# SSR with PWM



## dave_h (7/1/16)

Hey everyone,

Im in the process of putting elements in my pots and have a question about SSRs and PWMs.

Do you have to match up the PWMs output to the SSRs input voltages exaclty?

Im looking at getting these two 

http://www.aliexpress.com/item/DC-to-AC-Solid-State-Relay-SSR-40A-3-32VDC-90-480VAC-w-Aluminum-Heat-Sink/2019948013.html?spm=2114.01020208.3.10.jSu6Sc&ws_ab_test=searchweb201556_3,searchweb201644_0_10001_10002_10005_10006_10003_10004_62,searchweb201560_2,searchweb1451318400_6150

http://www.aliexpress.com/item/Free-Shipping-6V-12-24V-10A-Pulse-Width-Modulator-PWM-DC-Motor-Speed-Control-Switch-Controller/1814315755.html?spm=2114.01020208.3.136.374fsr&ws_ab_test=searchweb201556_3,searchweb201644_0_10001_10002_10005_10006_10003_10004_62,searchweb201560_2,searchweb1451318400_6150

My understanding is that SSRs are always on and when the get a voltage they cycle the power off, so would I need to feed 32V DC in to get the element to go off, and say 16V to be at 50%.

Thanks

Dave


----------



## SBOB (7/1/16)

You have a few things wrong... 
They simply operate as an on/off relay, so there is no % output. 

Might be easier to google
'how does an ssr work'
And
'how does pwm work'

The first few results of both will explain it in more detail than I could write here


----------



## QldKev (7/1/16)

What are you trying to achieve? Do you simply want to turn down the power to the element? 

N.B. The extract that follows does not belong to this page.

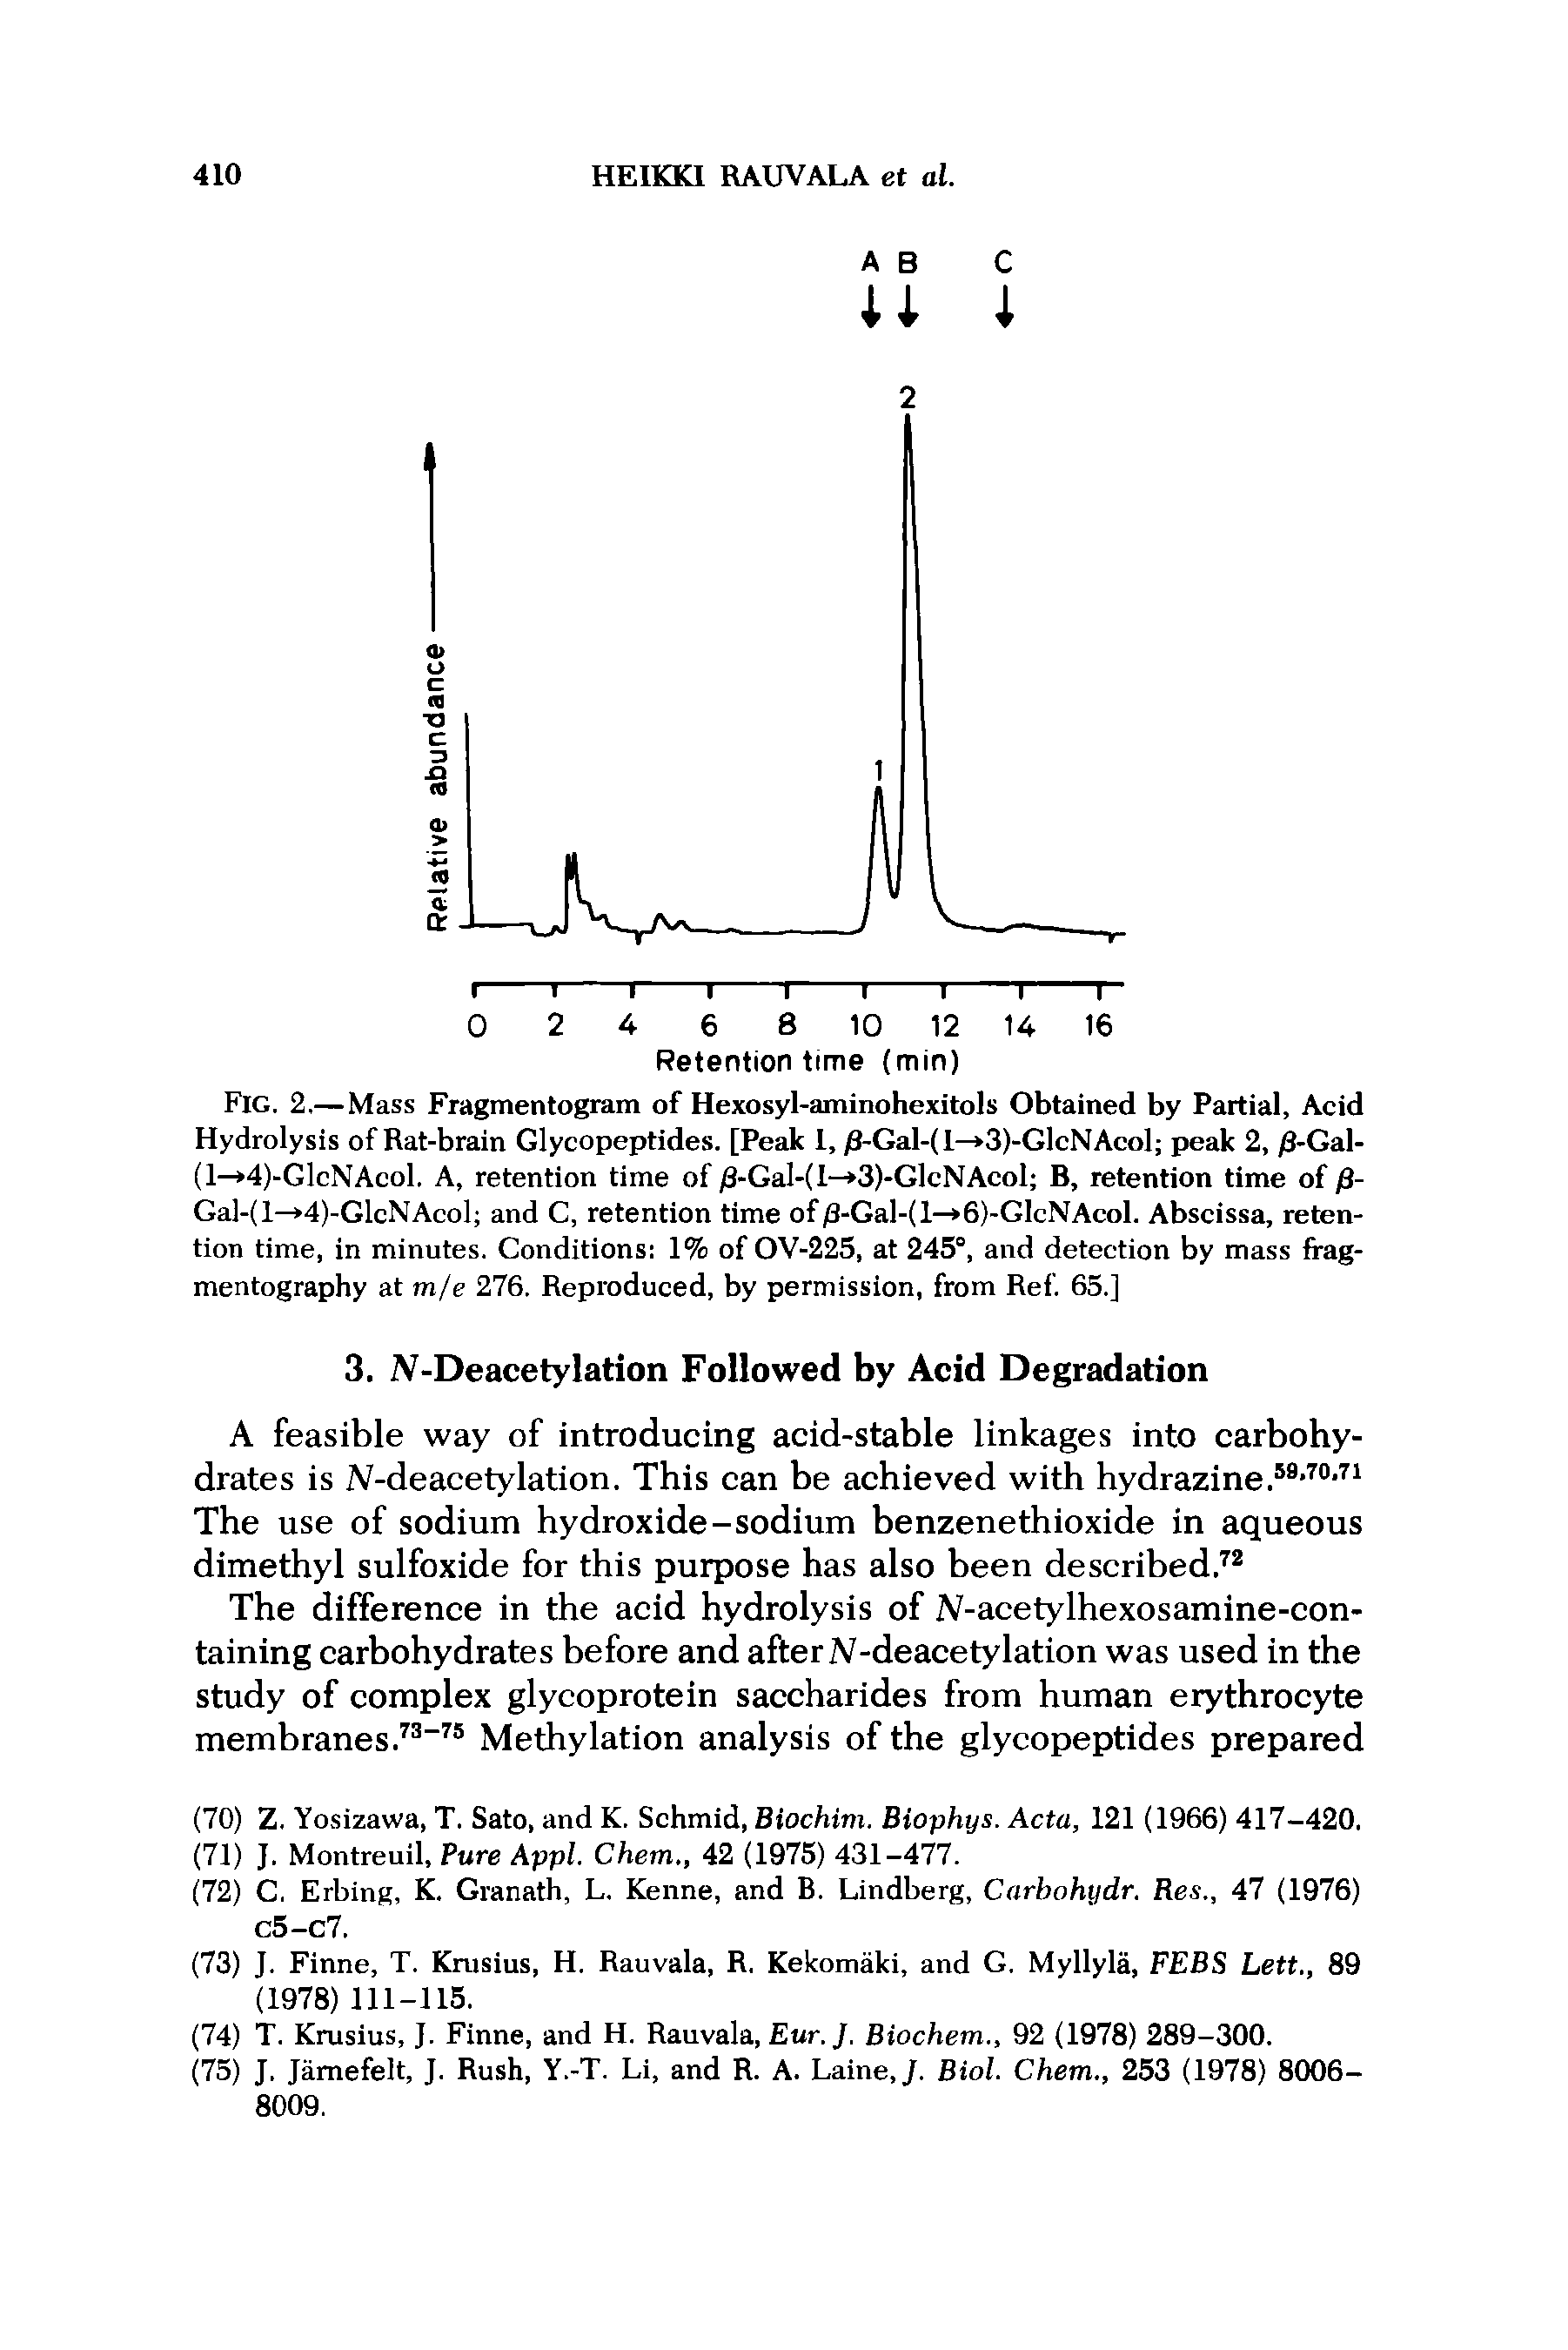 Fig. 2.— Mass Fragmentogram of Hexosyl-aminohexitols Obtained by Partial, Acid Hydrolysis of Rat-brain Glycopeptides. [Peak I, j8-Gal-(l— 3)-GlcNAcol peak 2, /3-Gal-(l- 4)-GlcNAcol. A, retention time of /3-Gal-(l— 3)-GlcNAcol B, retention time of /3-Gal-(1—>4)-GlcNAcol and C, retention time of/3-Gal-(l— 6)-GlcNAcol. Abscissa, retention time, in minutes. Conditions 1% of OV-225, at 245°, and detection by mass frag-mentography at m/e 276. Reproduced, by permission, from Ref. 65.]...

If so, then you can achieve it using a specific type of SSR. 
SSR
http://www.ebay.com.au/itm/Solid-State-Relay-SSR-Voltage-Resistance-Regulator-25A-24-380V-AC-470-560K-Ohm-/291558388701?hash=item43e23bf3dd:g:Eu4AAOSwDNdV7Z2Y

then you need a variable resistance to control it, so a potentiometer matched resistance and current potential.
POT
http://www.ebay.com.au/itm/Replacement-6mm-Shaft-Dia-470K-Ohm-2W-Pots-Potentiometer-w-Knob-W6-/201402807813?hash=item2ee48af605:g:xrYAAOSwMmBVxIvu


----------



## TheWiggman (7/1/16)

dave_h said:


> My understanding is that SSRs are always on and when the get a voltage they cycle the power off, so would I need to feed 32V DC in to get the element to go off, and say 16V to be at 50%.


Other way around. They are an open circuit until a voltage is applied across the control terminals. In the SSR you've quoted that voltage is can be anywhere between 3 - 32V DC.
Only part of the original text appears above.